I've written before about the surprising origins of the name Vanessa – invented by Jonathan Swift, no less – but I hadn't fully realised the Swiftian origins of the Latin name for the Red Admiral until I read about it in Peter Marren's excellent Rainbow Dust: Three Centuries of Delight in British Butterflies.
It was not the Swede Linnaeus but the Dane Johann Christian Fabricius who gave the Red Admiral its grand binomial, Vanessa atalanta. He clearly took 'Vanessa' from Swift's poem 'Cadenus and Vanessa', which Marren describes pithily as 'an autobiographical love poem dressed up as a fairy story of nymphs and shepherds'. ('Cadenus' is an anagram of Decanus, a Dean, Swift's ecclesiastical rank.) But what of Atalanta? She is a figure from Greek mythology, a formidable virgin huntress and athlete who was notably reluctant to marry – and her name appears once with Vanessa's in 'Cadenus and Vanessa' –
'When lo! Vanessa in her bloom
Advanced, like Atalanta's star.'
Surely Fabricius happened on those lines and had his inspiration – there was Vanessa atalanta, ready-made.

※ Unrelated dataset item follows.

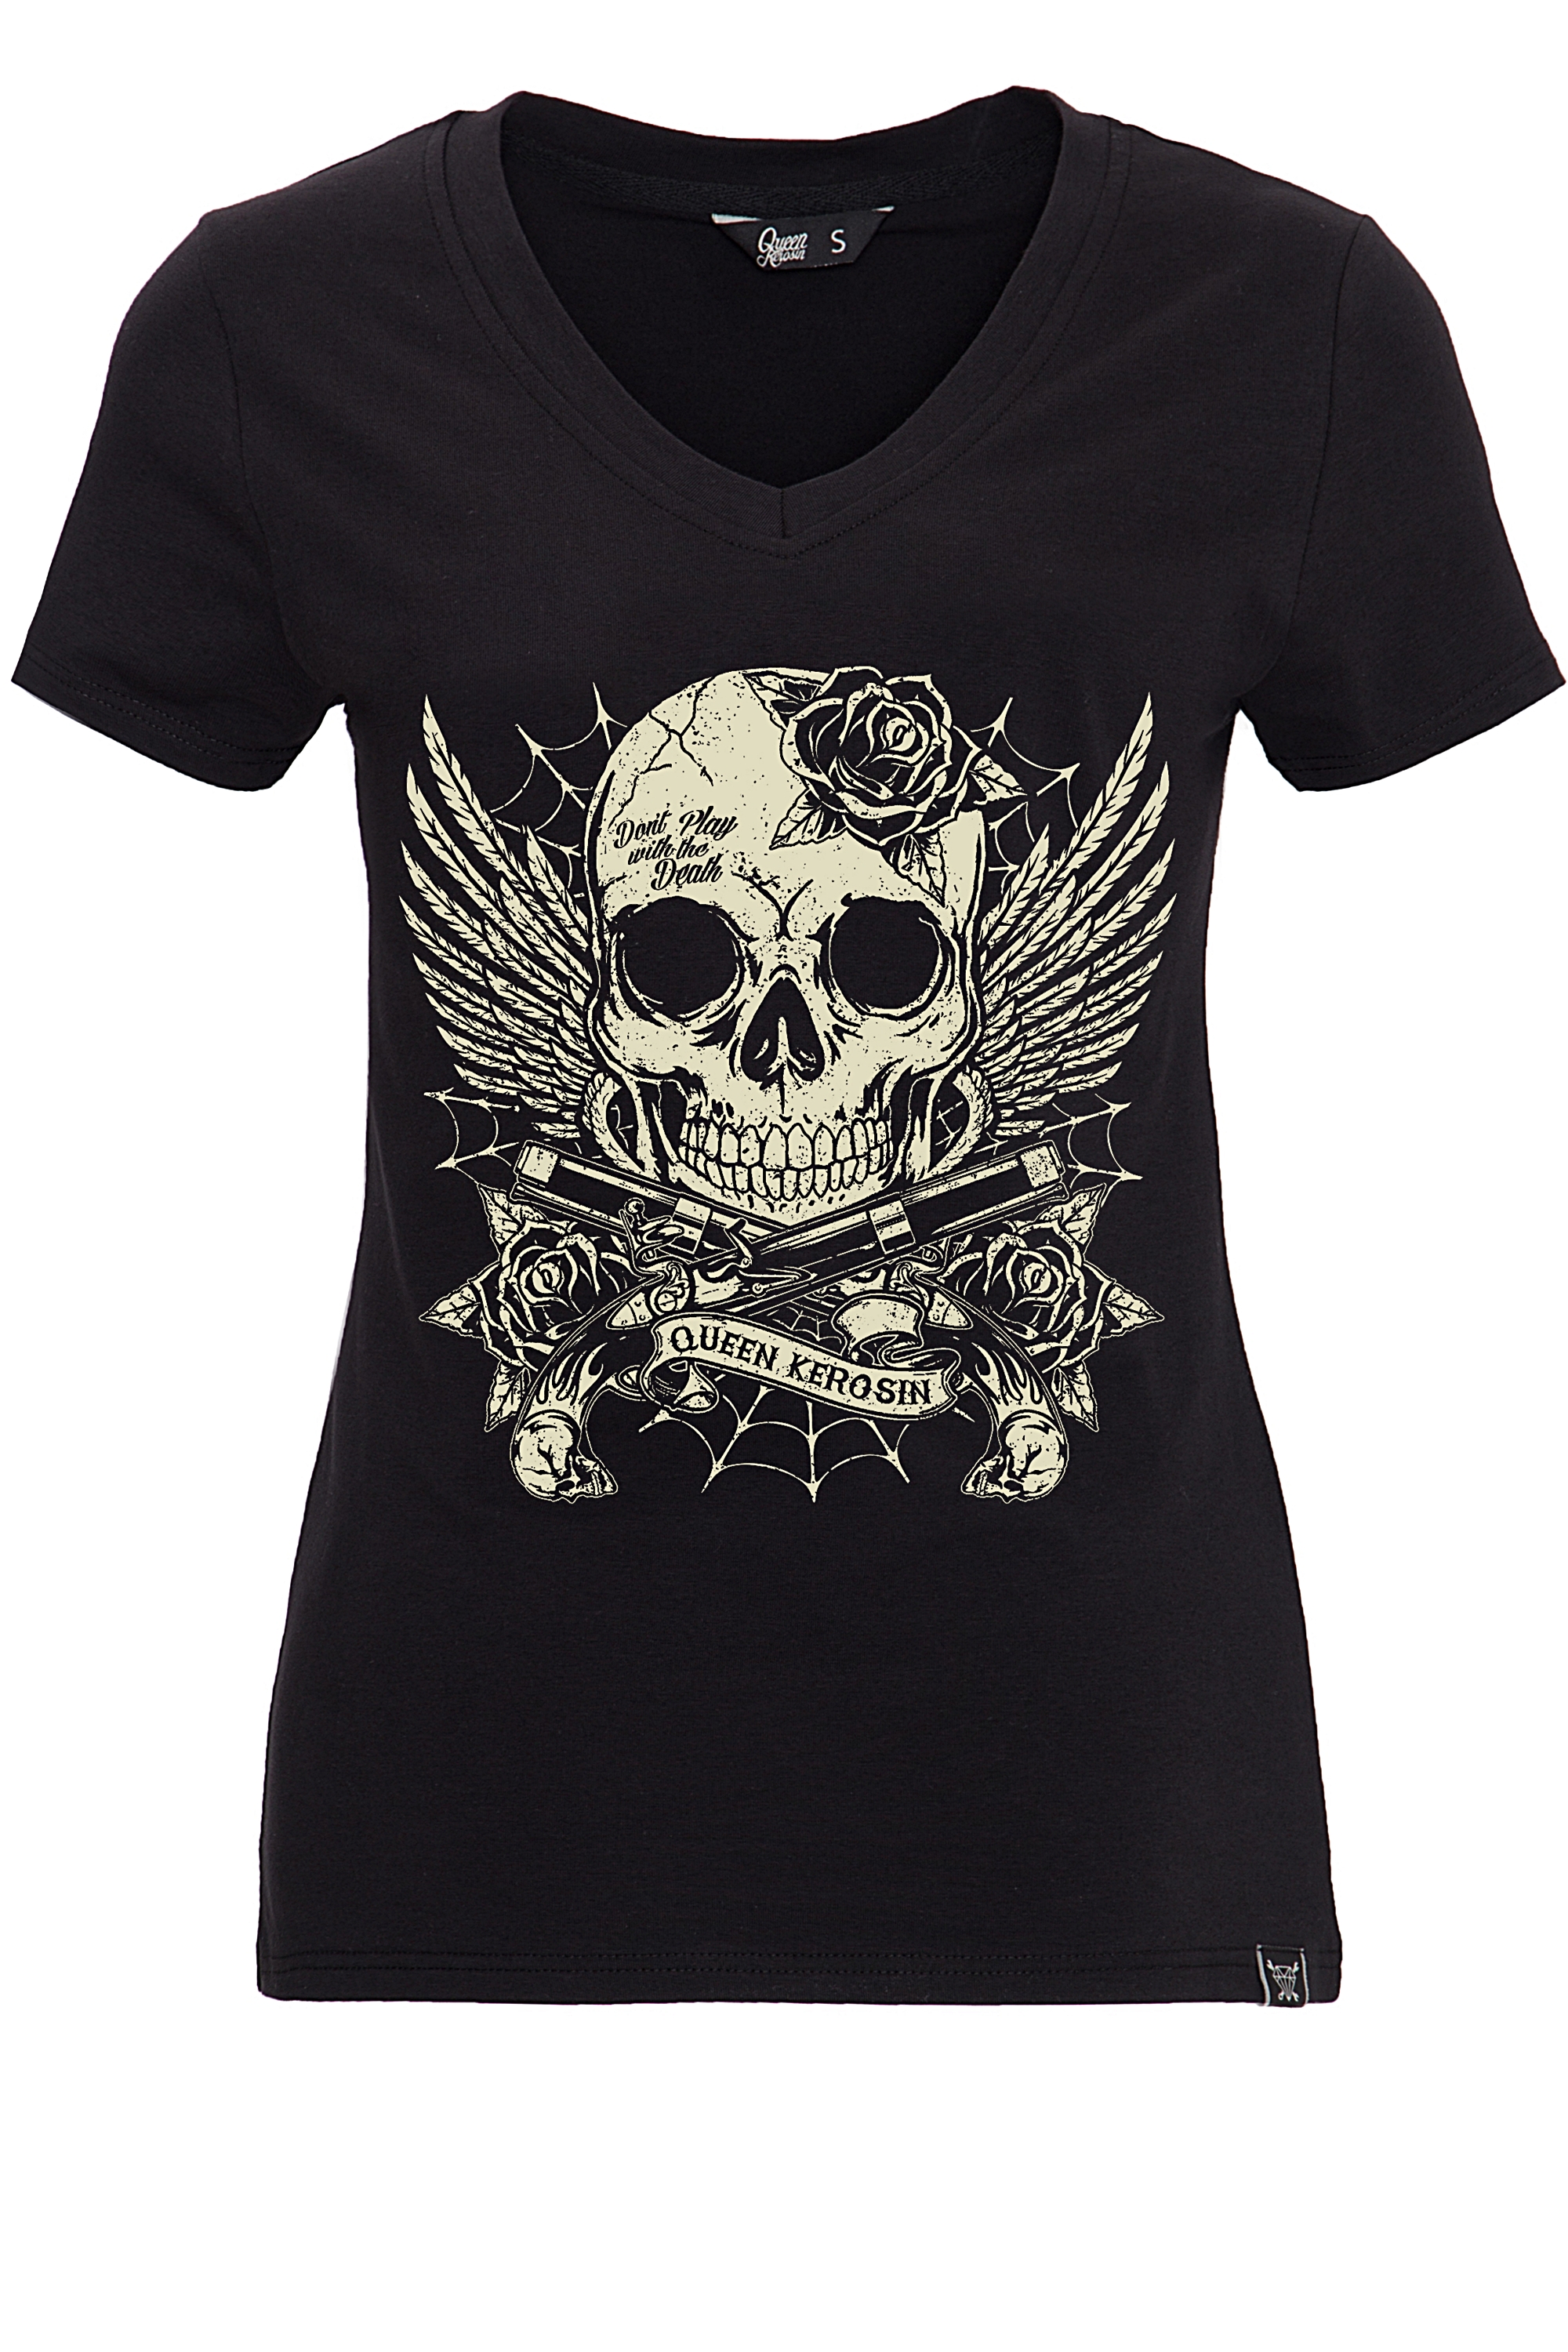 Queen Kerosin T-Shirt - Don´t Play With The Death M

Handel wrote an opera Atalanta. Here is a rather lovely aria from it : 'Care Selve' (dear woods) –
As it happens, I saw a handsome Red Admiral this morning, in a local byway that in my boyhood was known (for no good reason) as Murder Alley. The Admiral was taking a quick hit of nectar from a very late bramble flower before flying off and away. It might be my last butterfly of the year – but I've already thought that about a Peacock in Derbyshire and a local Small White, so who knows?
Couldn't read this Nige, without giving you a nudge toward (or reminder of) Samuel Barber's great 50's opera Vanessa. He didn't write much, but everything he did write has the polished beauty hinted at in this short aria. America's greatest composer? Hard to say no https://www.youtube.com/watch?v=-b-fF_HMlPA
ReplyDeleteGosh yes, that is lovely – I must look into Vanessa. Everything I've heard of Barber's I've found impressive. Thanks, Mm.